#### Data for review:
>>>

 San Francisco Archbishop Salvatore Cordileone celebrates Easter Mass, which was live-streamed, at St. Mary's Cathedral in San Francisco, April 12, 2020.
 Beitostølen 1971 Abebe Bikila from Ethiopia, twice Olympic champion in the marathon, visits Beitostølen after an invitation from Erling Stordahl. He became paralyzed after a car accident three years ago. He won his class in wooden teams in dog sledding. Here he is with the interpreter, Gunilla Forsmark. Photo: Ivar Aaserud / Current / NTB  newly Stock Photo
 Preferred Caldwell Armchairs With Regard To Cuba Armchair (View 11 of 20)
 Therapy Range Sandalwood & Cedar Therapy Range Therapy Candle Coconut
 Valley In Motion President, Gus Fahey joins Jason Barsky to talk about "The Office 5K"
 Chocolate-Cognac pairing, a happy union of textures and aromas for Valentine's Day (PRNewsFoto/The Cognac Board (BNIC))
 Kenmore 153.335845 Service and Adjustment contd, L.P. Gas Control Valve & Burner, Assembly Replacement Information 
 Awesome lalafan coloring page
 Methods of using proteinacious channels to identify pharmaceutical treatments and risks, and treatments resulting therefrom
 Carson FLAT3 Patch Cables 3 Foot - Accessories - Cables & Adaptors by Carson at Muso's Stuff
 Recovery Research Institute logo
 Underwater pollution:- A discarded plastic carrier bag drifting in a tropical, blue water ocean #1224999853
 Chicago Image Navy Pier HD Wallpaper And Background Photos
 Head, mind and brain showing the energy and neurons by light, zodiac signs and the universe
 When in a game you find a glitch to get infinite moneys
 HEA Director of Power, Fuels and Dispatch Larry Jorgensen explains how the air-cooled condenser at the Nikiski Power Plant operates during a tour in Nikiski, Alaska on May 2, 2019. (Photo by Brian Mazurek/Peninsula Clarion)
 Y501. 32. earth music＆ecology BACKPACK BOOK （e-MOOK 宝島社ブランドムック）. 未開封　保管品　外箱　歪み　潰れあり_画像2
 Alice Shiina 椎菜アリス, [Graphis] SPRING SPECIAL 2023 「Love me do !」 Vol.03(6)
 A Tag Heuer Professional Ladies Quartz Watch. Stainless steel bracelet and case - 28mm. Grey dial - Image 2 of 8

<<<

#### What you have to do:
The answer is each line in which the word "Image" occurs, copied from the material above.

#### Written solution:
 Chicago Image Navy Pier HD Wallpaper And Background Photos
 A Tag Heuer Professional Ladies Quartz Watch. Stainless steel bracelet and case - 28mm. Grey dial - Image 2 of 8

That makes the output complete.